Shuddering, Harry forced his eyes from the vast nothingness to take in his new room. Even here there was odd, unnecessary opulence. The beds were fourposter, just like he was used to, but they looked much larger. Whether because they actually were, or because the dark green bedding simply made them appear so, he wasn’t sure.

The beds were lined up against the walls, ten on one side and ten on the other, separated by a door that Alphard said was the washroom. Between each was a large wooden wardrobe, though everyone’s trunks still sat at the end of their beds, the rest of his dorm mates were stowing their robes and other assorted garments into the wardrobes.

Alphard slipped off to his own room and Harry made his slow way to the only unoccupied bed, ignoring, for the most part, all his unnamed roommates. There would be plenty of time, once he was rested and a little more settled, to worry about learning names.

One step at a time.

Over the course of the past month certain...things...had appeared in Harry’s trunk that he had no memory of placing there. A little kit in a leather case that held a come, brush, scissors, and other assorted items that Harry didn’t know how, or why he would need, had simply been there the day after he went clothes shopping. Then there were several pairs of stocking, both in silk and wool and in a variety of colors. He had been more taken aback by them than he had the slips. there was no possible way to not feel like he was wearing woman’s clothing now...though it had been a chilly day and he had put on a pair of the black silk ones, and they were undeniably comfortable.

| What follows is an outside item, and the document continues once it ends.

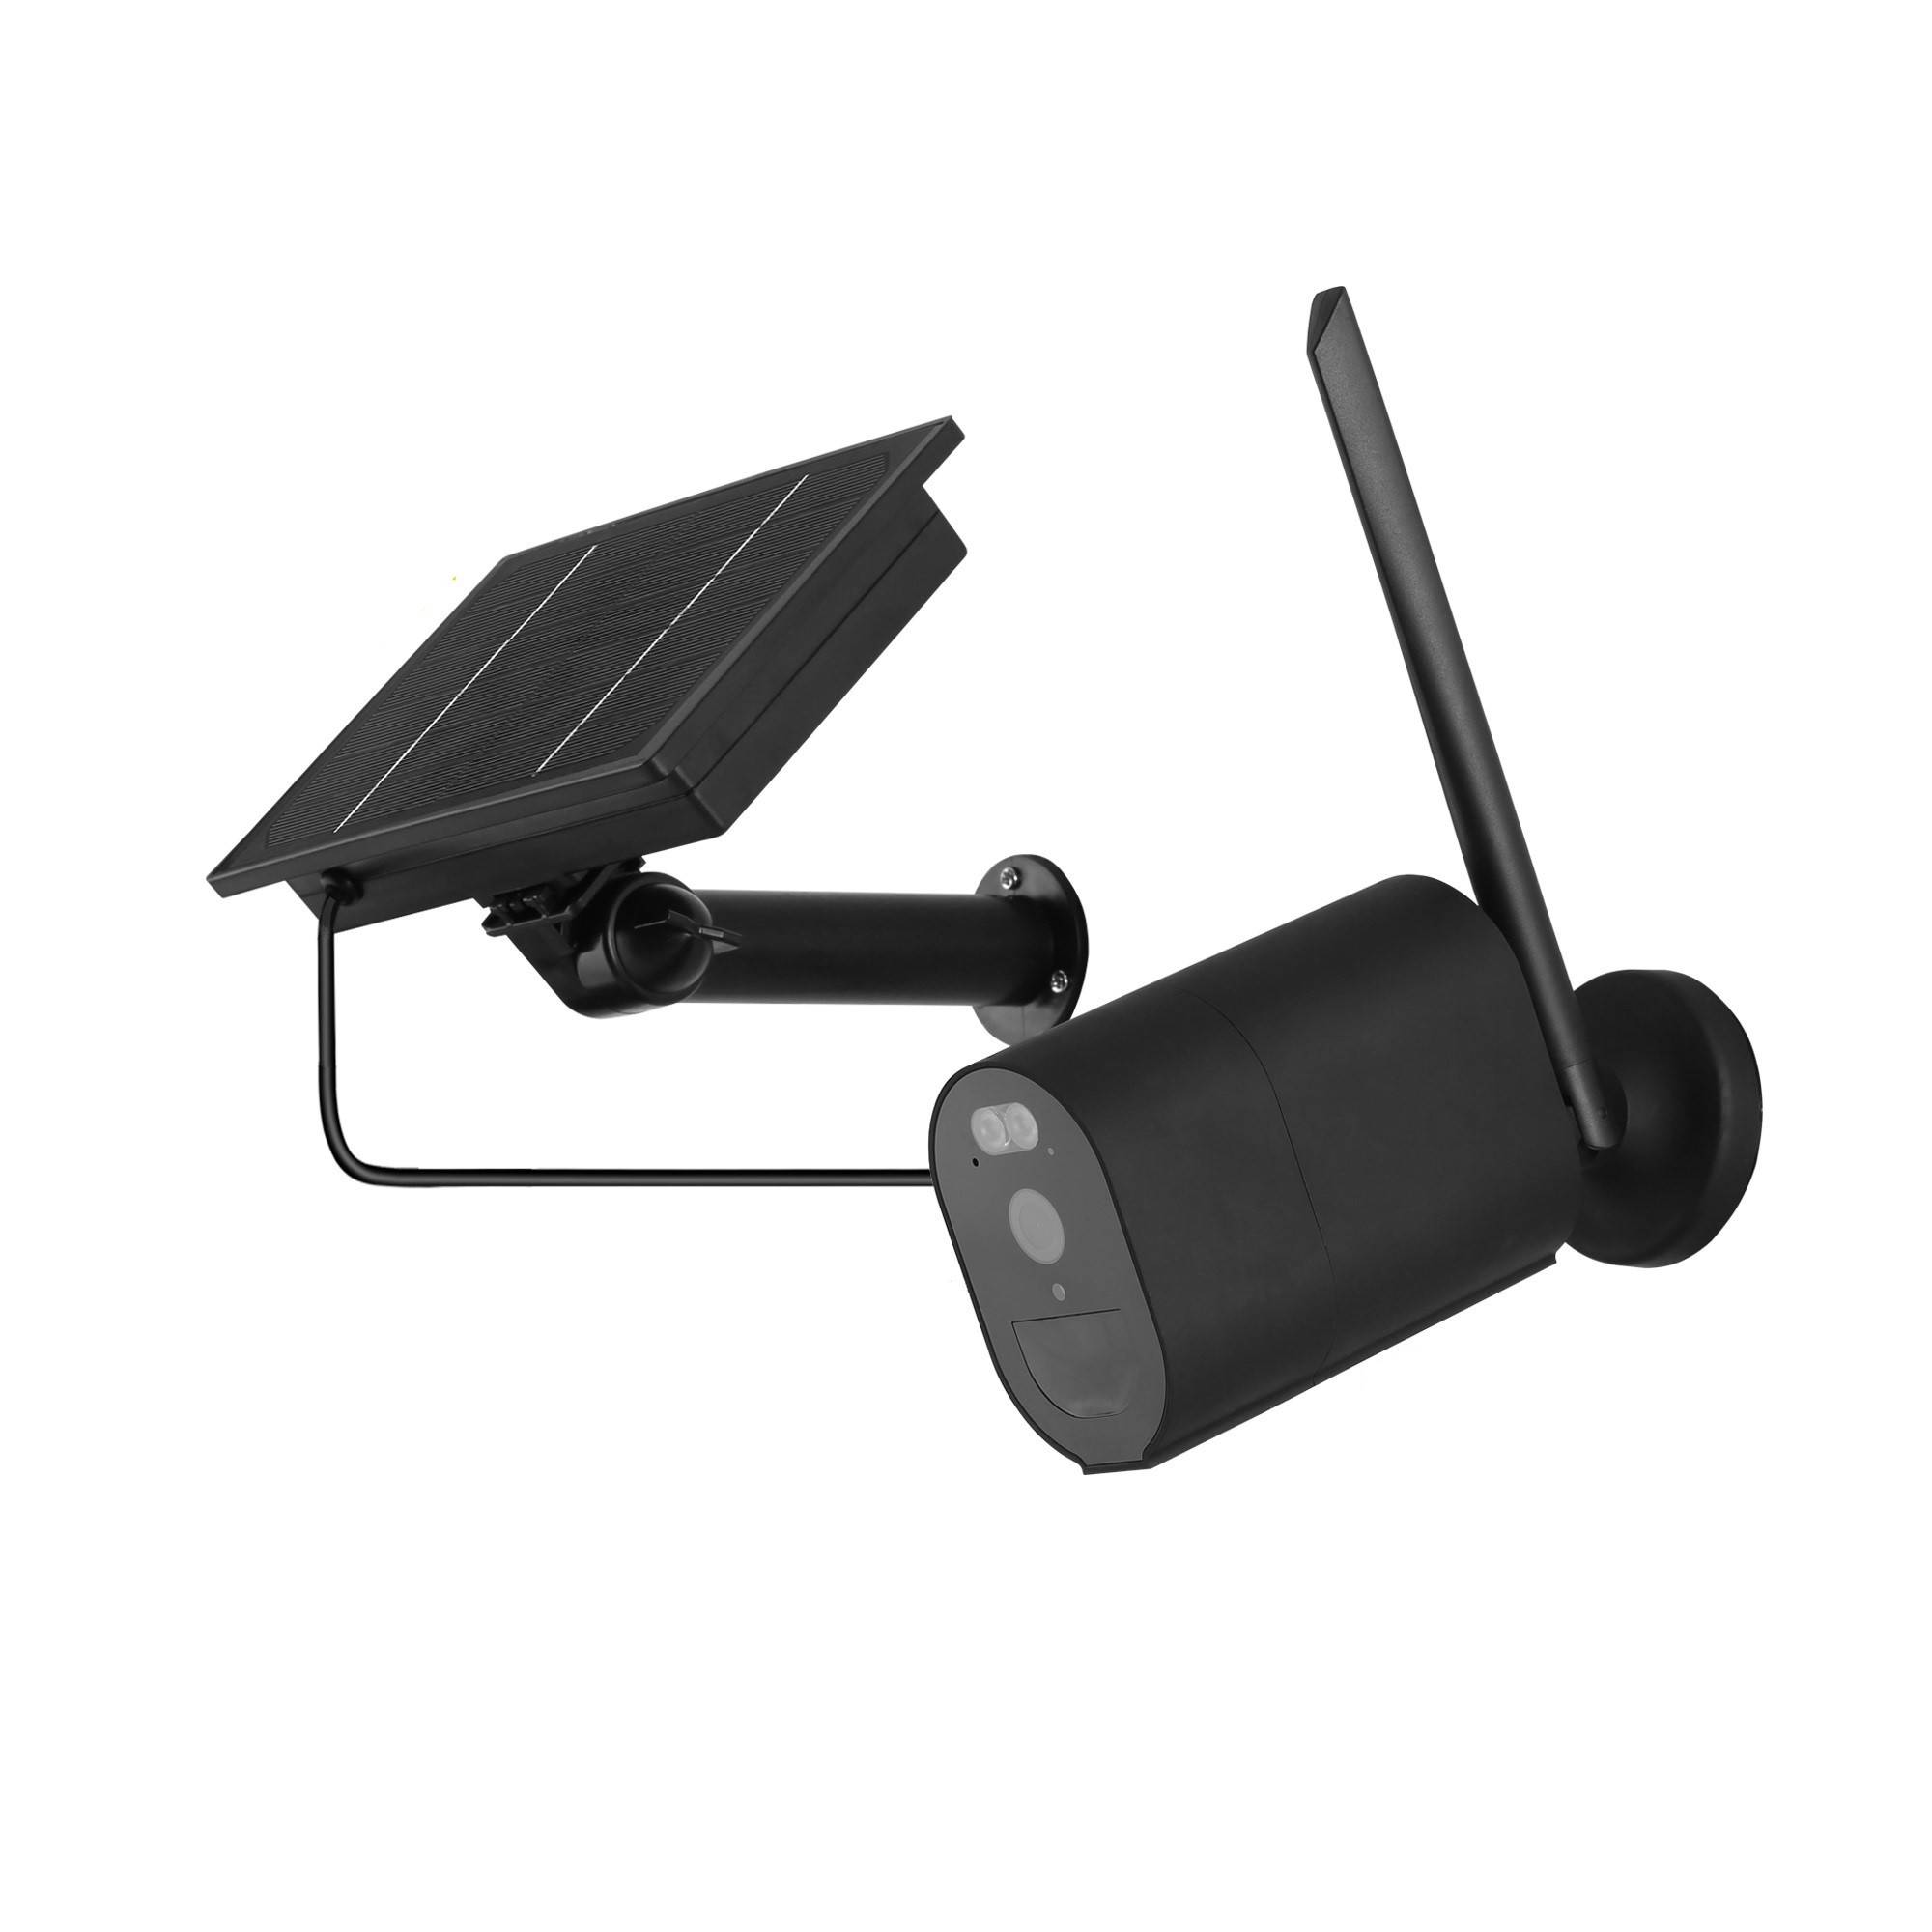 Smart Wi-Fi Camera

Still, he only felt better about them when he saw other’s in his dorm placing their own stockings and little grooming cases in their wardrobes.

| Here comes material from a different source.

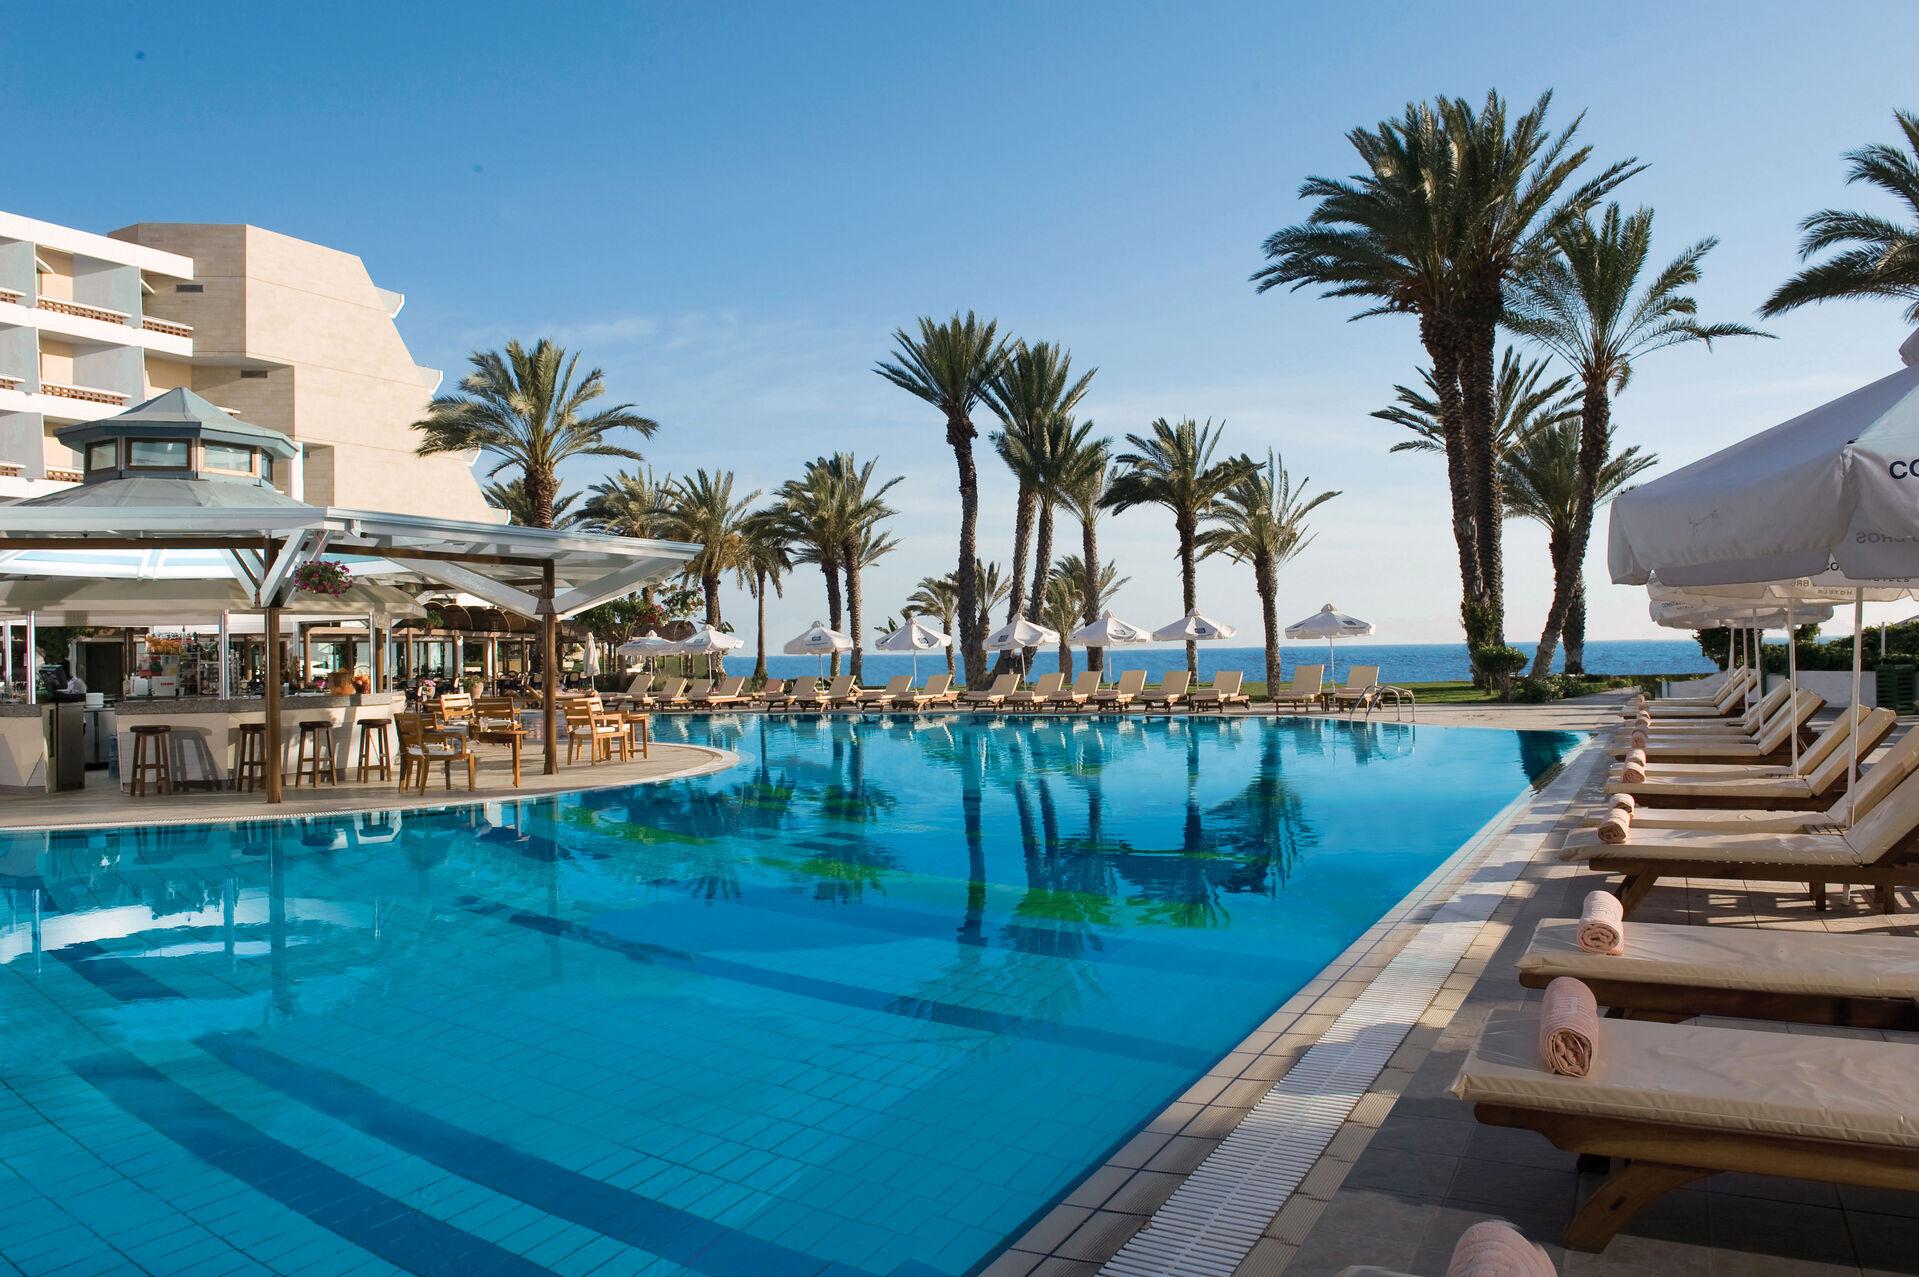 https://cms.satur.sk/data/imgs/tour_image/orig/01-pioneer-beach-hotel-swimming-pool-1972631.jpg

The past was just plain weird.

And fussy.

Ignoring everything around him, Harry took off his robes, draped them over a hanger in the wardrobe and tucked his little slippers under his bed before crawling under the covers and pulled the curtains around.

It took some time for the room around him to settle down. The thick curtains did quite a lot to dampen the noise to a soft buzz as his roommates chatted through their nightly ablutions. Harry just tried setting into the luxurious warmth of his bed. Fluffing pillows, rearranging them just so to make a nice little nook to curl up in.

Not too long after he was finally settled the wall sconces were extinguished. Plunging the room into sudden darkness that slowly faded into a soft green glow as the wane light from the lake filled the room.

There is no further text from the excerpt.